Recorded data
━━━━━━━━━━

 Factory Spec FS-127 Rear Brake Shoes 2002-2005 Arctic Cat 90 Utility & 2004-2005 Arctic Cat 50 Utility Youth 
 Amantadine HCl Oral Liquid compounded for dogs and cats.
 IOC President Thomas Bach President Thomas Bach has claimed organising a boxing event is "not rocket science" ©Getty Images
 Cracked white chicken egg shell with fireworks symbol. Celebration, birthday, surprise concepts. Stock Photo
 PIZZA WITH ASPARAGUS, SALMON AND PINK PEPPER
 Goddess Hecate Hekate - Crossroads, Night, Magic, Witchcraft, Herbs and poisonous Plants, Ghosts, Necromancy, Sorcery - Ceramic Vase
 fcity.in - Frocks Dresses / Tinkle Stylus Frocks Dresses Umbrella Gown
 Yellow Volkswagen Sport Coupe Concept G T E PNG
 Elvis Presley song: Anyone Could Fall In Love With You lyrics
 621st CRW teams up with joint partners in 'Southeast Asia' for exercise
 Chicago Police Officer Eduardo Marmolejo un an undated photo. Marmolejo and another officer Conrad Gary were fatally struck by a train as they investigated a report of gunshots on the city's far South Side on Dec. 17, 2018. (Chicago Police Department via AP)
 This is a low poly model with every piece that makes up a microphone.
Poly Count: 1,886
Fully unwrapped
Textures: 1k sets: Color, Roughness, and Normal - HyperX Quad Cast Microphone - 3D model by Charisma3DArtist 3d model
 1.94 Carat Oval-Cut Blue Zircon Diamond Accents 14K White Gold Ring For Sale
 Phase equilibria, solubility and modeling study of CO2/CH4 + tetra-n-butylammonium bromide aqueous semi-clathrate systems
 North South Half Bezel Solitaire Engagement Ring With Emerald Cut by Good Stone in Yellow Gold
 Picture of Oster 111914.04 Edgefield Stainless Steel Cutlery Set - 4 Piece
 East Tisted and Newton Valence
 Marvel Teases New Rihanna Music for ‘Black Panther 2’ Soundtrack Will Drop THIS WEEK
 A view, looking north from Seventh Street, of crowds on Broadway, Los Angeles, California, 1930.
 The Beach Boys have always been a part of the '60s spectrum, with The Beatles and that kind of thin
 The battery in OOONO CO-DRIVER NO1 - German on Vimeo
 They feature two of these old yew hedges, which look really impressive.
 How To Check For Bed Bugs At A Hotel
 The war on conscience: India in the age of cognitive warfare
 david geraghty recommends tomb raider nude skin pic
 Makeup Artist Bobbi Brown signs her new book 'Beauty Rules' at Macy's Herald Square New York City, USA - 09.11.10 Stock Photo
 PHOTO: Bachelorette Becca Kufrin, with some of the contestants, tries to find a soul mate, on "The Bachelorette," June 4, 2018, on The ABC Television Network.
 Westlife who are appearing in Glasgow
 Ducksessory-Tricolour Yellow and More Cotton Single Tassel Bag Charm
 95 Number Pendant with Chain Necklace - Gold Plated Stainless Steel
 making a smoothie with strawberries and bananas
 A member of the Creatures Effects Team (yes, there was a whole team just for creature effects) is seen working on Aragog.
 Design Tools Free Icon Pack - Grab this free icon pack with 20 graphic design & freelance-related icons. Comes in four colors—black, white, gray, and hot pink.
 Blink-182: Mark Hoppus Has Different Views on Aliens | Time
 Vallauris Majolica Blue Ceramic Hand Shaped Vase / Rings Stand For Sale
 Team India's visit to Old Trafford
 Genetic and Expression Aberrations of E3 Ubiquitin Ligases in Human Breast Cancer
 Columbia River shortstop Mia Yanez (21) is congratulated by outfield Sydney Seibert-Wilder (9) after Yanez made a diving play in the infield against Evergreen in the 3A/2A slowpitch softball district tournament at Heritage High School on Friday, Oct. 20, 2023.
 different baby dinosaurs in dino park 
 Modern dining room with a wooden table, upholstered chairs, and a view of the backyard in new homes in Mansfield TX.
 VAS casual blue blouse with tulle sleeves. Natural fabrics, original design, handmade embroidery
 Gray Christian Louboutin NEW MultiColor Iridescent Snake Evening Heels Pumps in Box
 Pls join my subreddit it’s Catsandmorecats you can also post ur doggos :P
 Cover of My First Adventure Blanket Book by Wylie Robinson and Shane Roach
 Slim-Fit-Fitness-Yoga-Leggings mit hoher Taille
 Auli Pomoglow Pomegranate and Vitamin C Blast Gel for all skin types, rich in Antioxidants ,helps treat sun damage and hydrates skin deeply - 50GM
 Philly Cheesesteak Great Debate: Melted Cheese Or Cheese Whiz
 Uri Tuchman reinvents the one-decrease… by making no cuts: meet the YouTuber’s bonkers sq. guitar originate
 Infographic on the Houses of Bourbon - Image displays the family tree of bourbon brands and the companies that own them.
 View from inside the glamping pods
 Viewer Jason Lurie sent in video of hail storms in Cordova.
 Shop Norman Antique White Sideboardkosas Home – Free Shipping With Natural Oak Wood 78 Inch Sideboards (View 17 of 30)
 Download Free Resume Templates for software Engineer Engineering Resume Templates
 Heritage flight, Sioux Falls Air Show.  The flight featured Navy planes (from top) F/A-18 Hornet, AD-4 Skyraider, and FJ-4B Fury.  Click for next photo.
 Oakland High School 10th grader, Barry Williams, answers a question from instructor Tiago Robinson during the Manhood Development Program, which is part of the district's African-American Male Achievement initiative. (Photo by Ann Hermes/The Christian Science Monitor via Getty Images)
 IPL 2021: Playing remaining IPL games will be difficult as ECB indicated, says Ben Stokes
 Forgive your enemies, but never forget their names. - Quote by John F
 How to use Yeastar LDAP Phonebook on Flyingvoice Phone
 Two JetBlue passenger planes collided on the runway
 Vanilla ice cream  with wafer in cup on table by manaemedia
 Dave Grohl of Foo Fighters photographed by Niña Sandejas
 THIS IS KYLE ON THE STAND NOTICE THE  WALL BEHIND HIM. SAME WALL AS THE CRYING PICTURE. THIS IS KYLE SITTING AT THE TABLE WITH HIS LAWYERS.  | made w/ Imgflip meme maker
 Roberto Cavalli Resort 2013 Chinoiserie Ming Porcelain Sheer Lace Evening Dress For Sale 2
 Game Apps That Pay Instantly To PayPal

━━━━━━━━━━

§ **PROBLEM TO SOLVE**: From the first line to the last, retype the data exactly.

§ **RESPONSE AREA**:
 Factory Spec FS-127 Rear Brake Shoes 2002-2005 Arctic Cat 90 Utility & 2004-2005 Arctic Cat 50 Utility Youth 
 Amantadine HCl Oral Liquid compounded for dogs and cats.
 IOC President Thomas Bach President Thomas Bach has claimed organising a boxing event is "not rocket science" ©Getty Images
 Cracked white chicken egg shell with fireworks symbol. Celebration, birthday, surprise concepts. Stock Photo
 PIZZA WITH ASPARAGUS, SALMON AND PINK PEPPER
 Goddess Hecate Hekate - Crossroads, Night, Magic, Witchcraft, Herbs and poisonous Plants, Ghosts, Necromancy, Sorcery - Ceramic Vase
 fcity.in - Frocks Dresses / Tinkle Stylus Frocks Dresses Umbrella Gown
 Yellow Volkswagen Sport Coupe Concept G T E PNG
 Elvis Presley song: Anyone Could Fall In Love With You lyrics
 621st CRW teams up with joint partners in 'Southeast Asia' for exercise
 Chicago Police Officer Eduardo Marmolejo un an undated photo. Marmolejo and another officer Conrad Gary were fatally struck by a train as they investigated a report of gunshots on the city's far South Side on Dec. 17, 2018. (Chicago Police Department via AP)
 This is a low poly model with every piece that makes up a microphone.
Poly Count: 1,886
Fully unwrapped
Textures: 1k sets: Color, Roughness, and Normal - HyperX Quad Cast Microphone - 3D model by Charisma3DArtist 3d model
 1.94 Carat Oval-Cut Blue Zircon Diamond Accents 14K White Gold Ring For Sale
 Phase equilibria, solubility and modeling study of CO2/CH4 + tetra-n-butylammonium bromide aqueous semi-clathrate systems
 North South Half Bezel Solitaire Engagement Ring With Emerald Cut by Good Stone in Yellow Gold
 Picture of Oster 111914.04 Edgefield Stainless Steel Cutlery Set - 4 Piece
 East Tisted and Newton Valence
 Marvel Teases New Rihanna Music for ‘Black Panther 2’ Soundtrack Will Drop THIS WEEK
 A view, looking north from Seventh Street, of crowds on Broadway, Los Angeles, California, 1930.
 The Beach Boys have always been a part of the '60s spectrum, with The Beatles and that kind of thin
 The battery in OOONO CO-DRIVER NO1 - German on Vimeo
 They feature two of these old yew hedges, which look really impressive.
 How To Check For Bed Bugs At A Hotel
 The war on conscience: India in the age of cognitive warfare
 david geraghty recommends tomb raider nude skin pic
 Makeup Artist Bobbi Brown signs her new book 'Beauty Rules' at Macy's Herald Square New York City, USA - 09.11.10 Stock Photo
 PHOTO: Bachelorette Becca Kufrin, with some of the contestants, tries to find a soul mate, on "The Bachelorette," June 4, 2018, on The ABC Television Network.
 Westlife who are appearing in Glasgow
 Ducksessory-Tricolour Yellow and More Cotton Single Tassel Bag Charm
 95 Number Pendant with Chain Necklace - Gold Plated Stainless Steel
 making a smoothie with strawberries and bananas
 A member of the Creatures Effects Team (yes, there was a whole team just for creature effects) is seen working on Aragog.
 Design Tools Free Icon Pack - Grab this free icon pack with 20 graphic design & freelance-related icons. Comes in four colors—black, white, gray, and hot pink.
 Blink-182: Mark Hoppus Has Different Views on Aliens | Time
 Vallauris Majolica Blue Ceramic Hand Shaped Vase / Rings Stand For Sale
 Team India's visit to Old Trafford
 Genetic and Expression Aberrations of E3 Ubiquitin Ligases in Human Breast Cancer
 Columbia River shortstop Mia Yanez (21) is congratulated by outfield Sydney Seibert-Wilder (9) after Yanez made a diving play in the infield against Evergreen in the 3A/2A slowpitch softball district tournament at Heritage High School on Friday, Oct. 20, 2023.
 different baby dinosaurs in dino park 
 Modern dining room with a wooden table, upholstered chairs, and a view of the backyard in new homes in Mansfield TX.
 VAS casual blue blouse with tulle sleeves. Natural fabrics, original design, handmade embroidery
 Gray Christian Louboutin NEW MultiColor Iridescent Snake Evening Heels Pumps in Box
 Pls join my subreddit it’s Catsandmorecats you can also post ur doggos :P
 Cover of My First Adventure Blanket Book by Wylie Robinson and Shane Roach
 Slim-Fit-Fitness-Yoga-Leggings mit hoher Taille
 Auli Pomoglow Pomegranate and Vitamin C Blast Gel for all skin types, rich in Antioxidants ,helps treat sun damage and hydrates skin deeply - 50GM
 Philly Cheesesteak Great Debate: Melted Cheese Or Cheese Whiz
 Uri Tuchman reinvents the one-decrease… by making no cuts: meet the YouTuber’s bonkers sq. guitar originate
 Infographic on the Houses of Bourbon - Image displays the family tree of bourbon brands and the companies that own them.
 View from inside the glamping pods
 Viewer Jason Lurie sent in video of hail storms in Cordova.
 Shop Norman Antique White Sideboardkosas Home – Free Shipping With Natural Oak Wood 78 Inch Sideboards (View 17 of 30)
 Download Free Resume Templates for software Engineer Engineering Resume Templates
 Heritage flight, Sioux Falls Air Show.  The flight featured Navy planes (from top) F/A-18 Hornet, AD-4 Skyraider, and FJ-4B Fury.  Click for next photo.
 Oakland High School 10th grader, Barry Williams, answers a question from instructor Tiago Robinson during the Manhood Development Program, which is part of the district's African-American Male Achievement initiative. (Photo by Ann Hermes/The Christian Science Monitor via Getty Images)
 IPL 2021: Playing remaining IPL games will be difficult as ECB indicated, says Ben Stokes
 Forgive your enemies, but never forget their names. - Quote by John F
 How to use Yeastar LDAP Phonebook on Flyingvoice Phone
 Two JetBlue passenger planes collided on the runway
 Vanilla ice cream  with wafer in cup on table by manaemedia
 Dave Grohl of Foo Fighters photographed by Niña Sandejas
 THIS IS KYLE ON THE STAND NOTICE THE  WALL BEHIND HIM. SAME WALL AS THE CRYING PICTURE. THIS IS KYLE SITTING AT THE TABLE WITH HIS LAWYERS.  | made w/ Imgflip meme maker
 Roberto Cavalli Resort 2013 Chinoiserie Ming Porcelain Sheer Lace Evening Dress For Sale 2
 Game Apps That Pay Instantly To PayPal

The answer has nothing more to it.